◆ **Task prompt**: Everything from the line with "1240x1600 Sailboat" to the end of the data below, both lines included, should be transcribed exactly; please omit the pictures.

◆ **Data**:
* * * * * * * * *
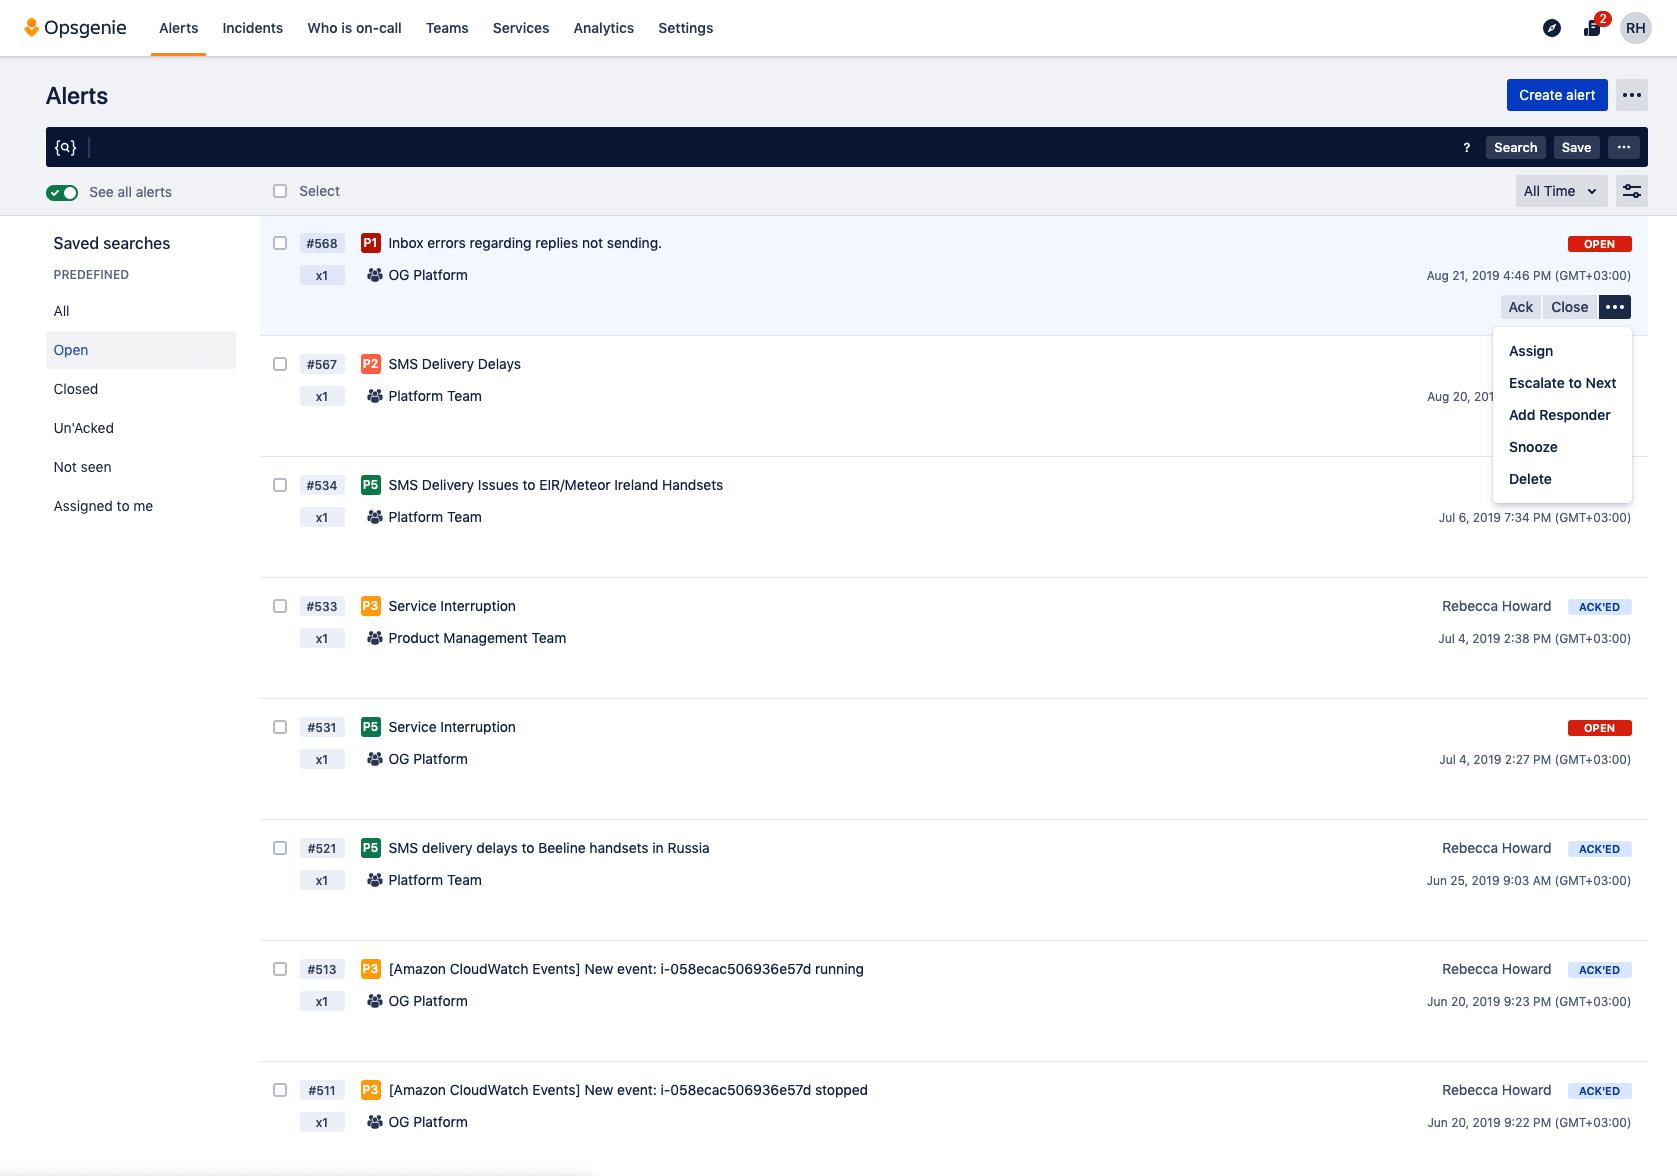 Screenshot of assigning alerts
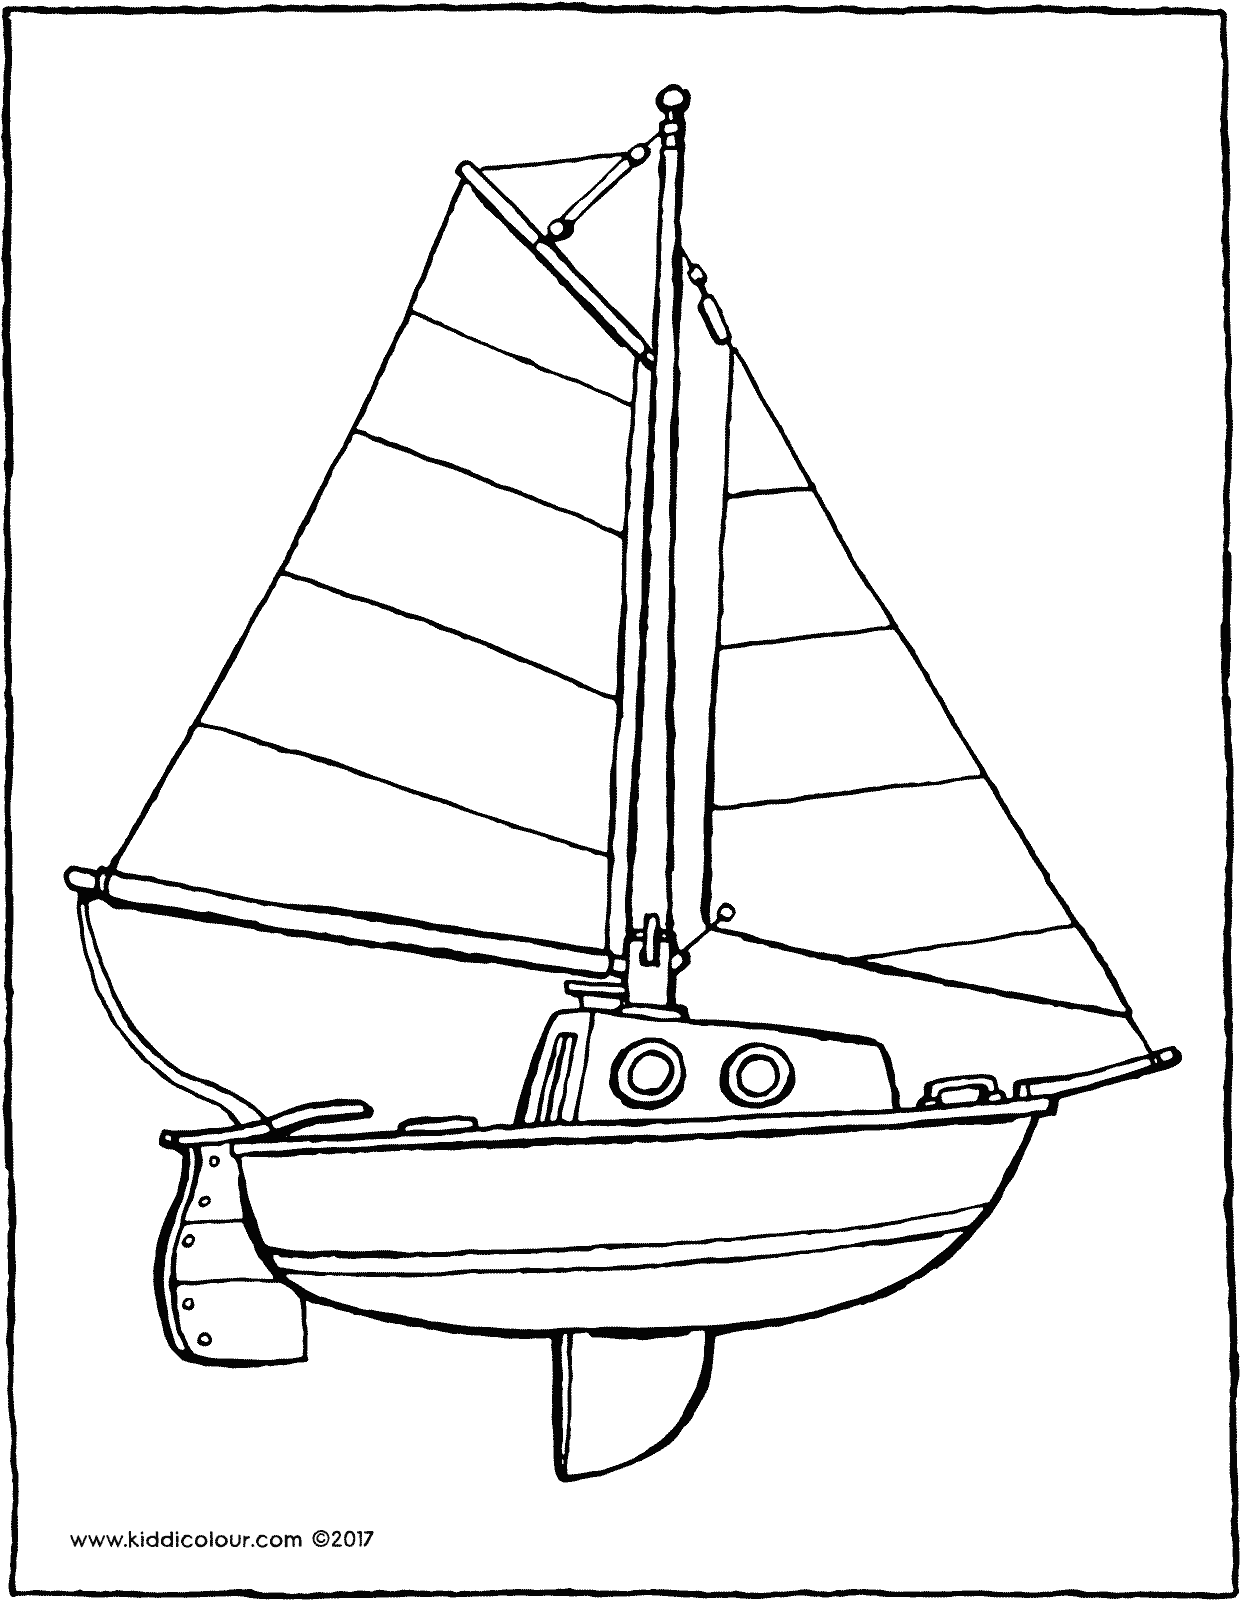 1240x1600 Sailboat
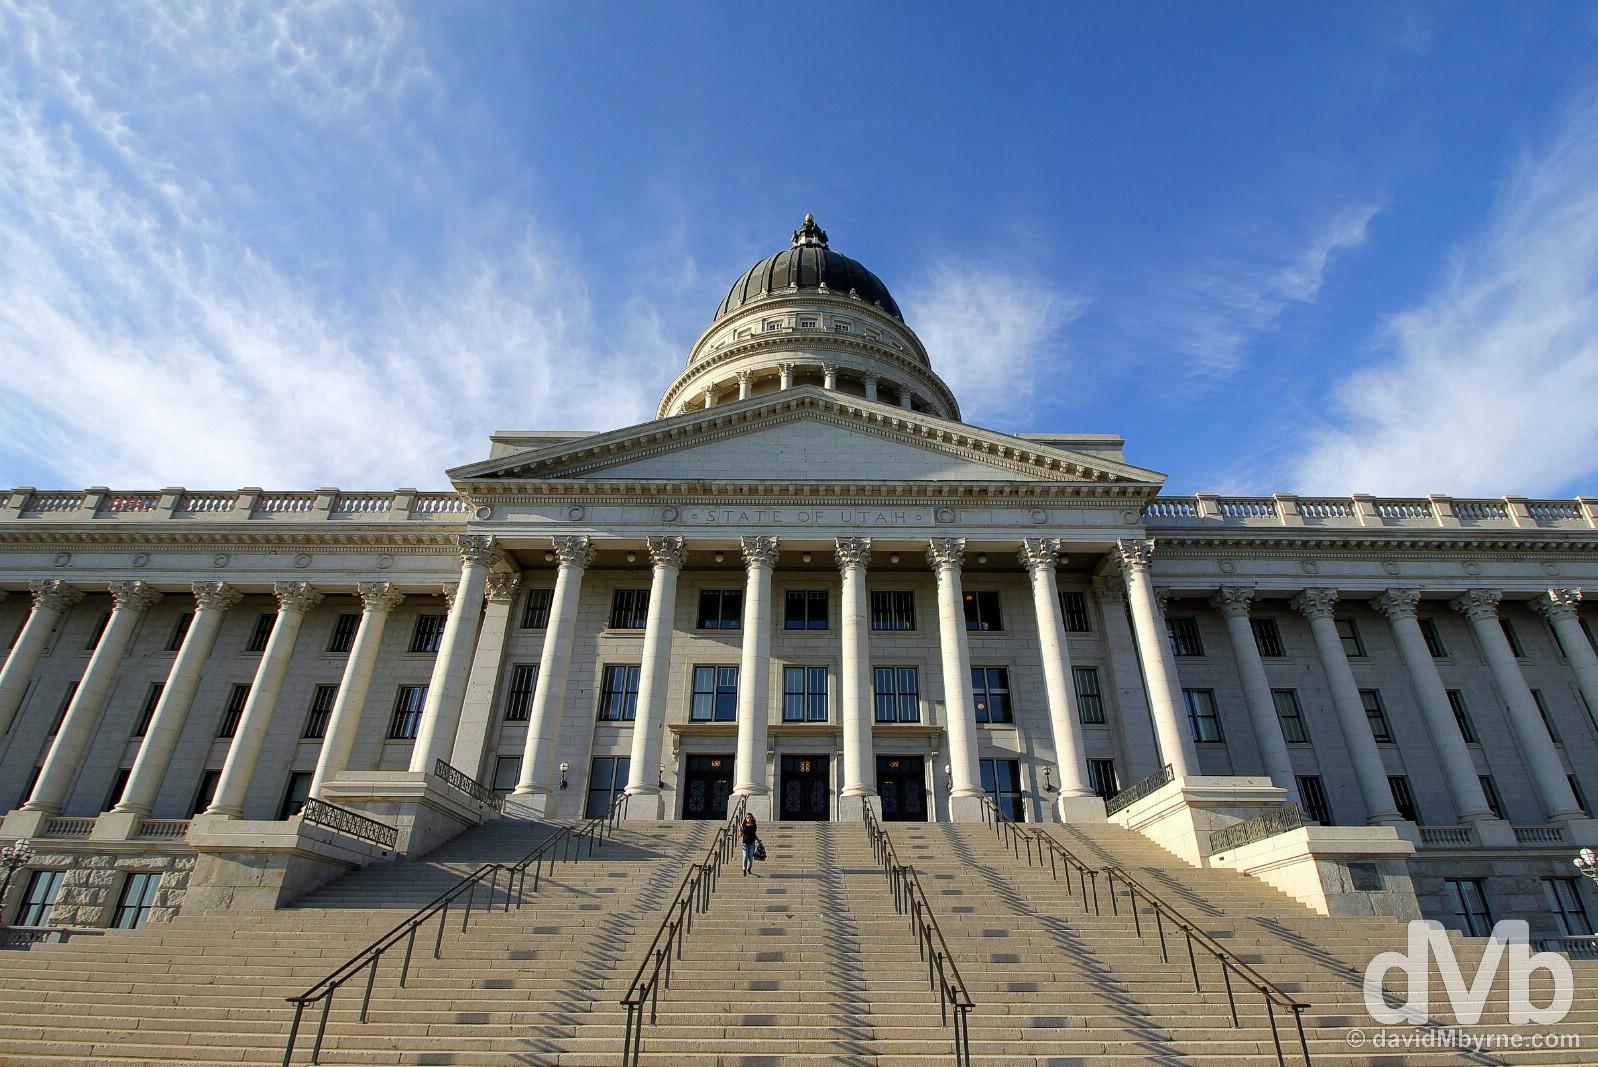 On the steps of the impressive State Capitol Building in Salt Lake City, Utah. September 6, 2016.
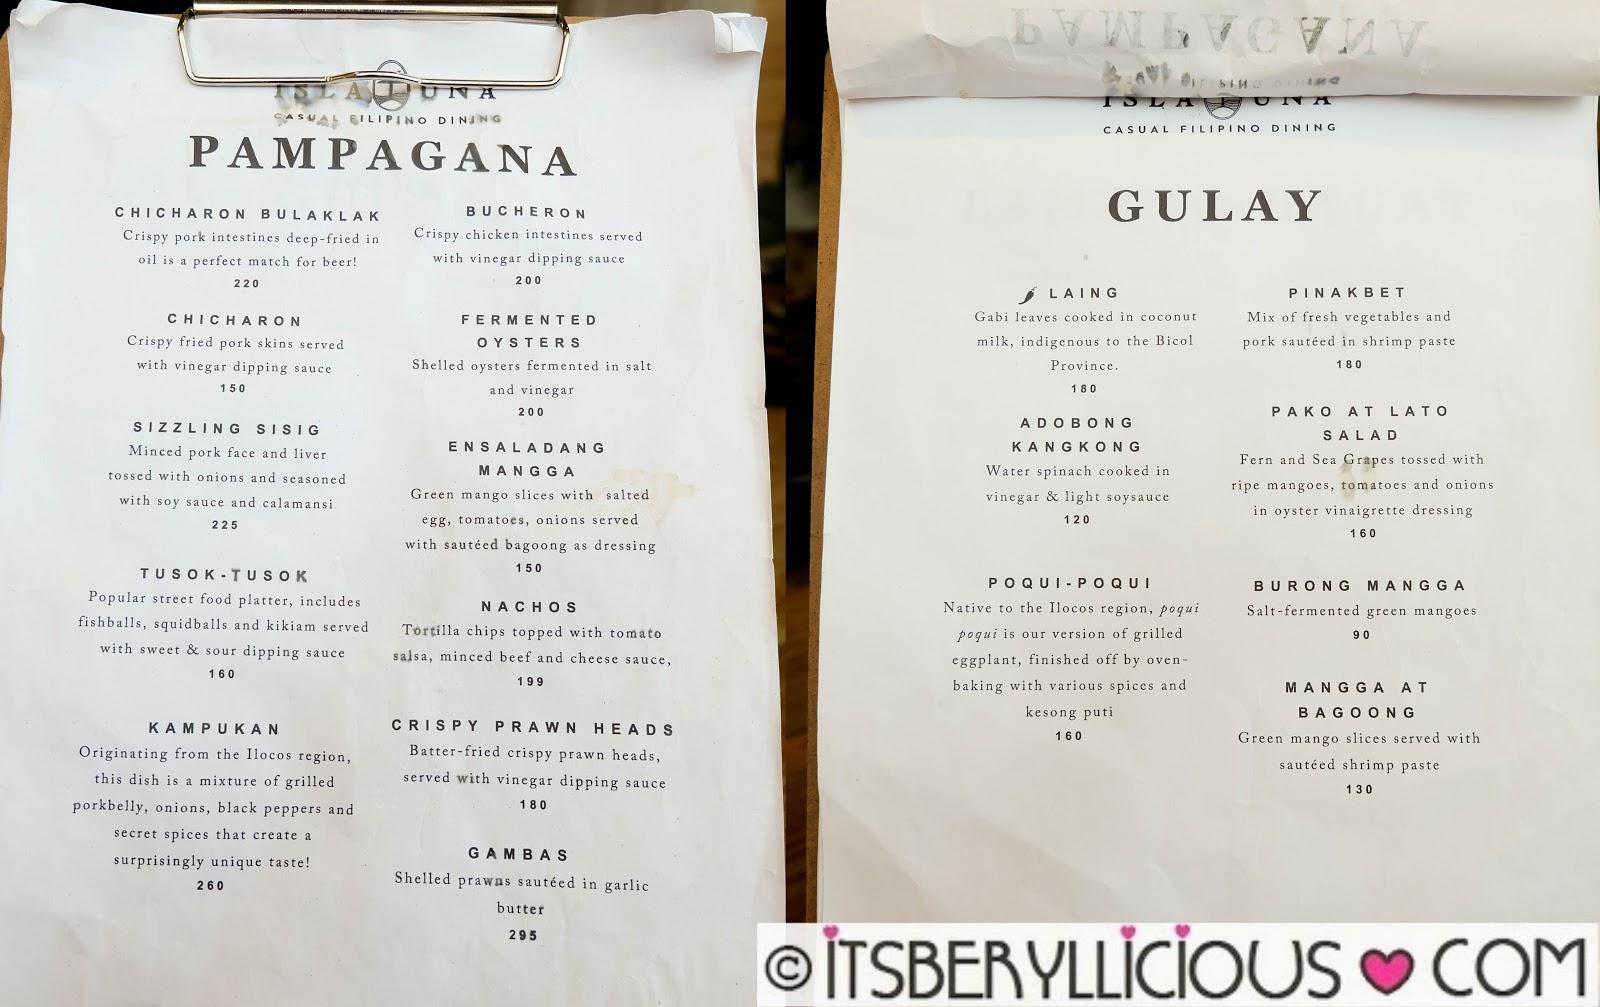 Isla Una Casual Filipino Dining- P199 Lunch Specials at ...
* * * * * * * * *
◆ **Output for this task**:
 1240x1600 Sailboat
 On the steps of the impressive State Capitol Building in Salt Lake City, Utah. September 6, 2016.
 Isla Una Casual Filipino Dining- P199 Lunch Specials at ...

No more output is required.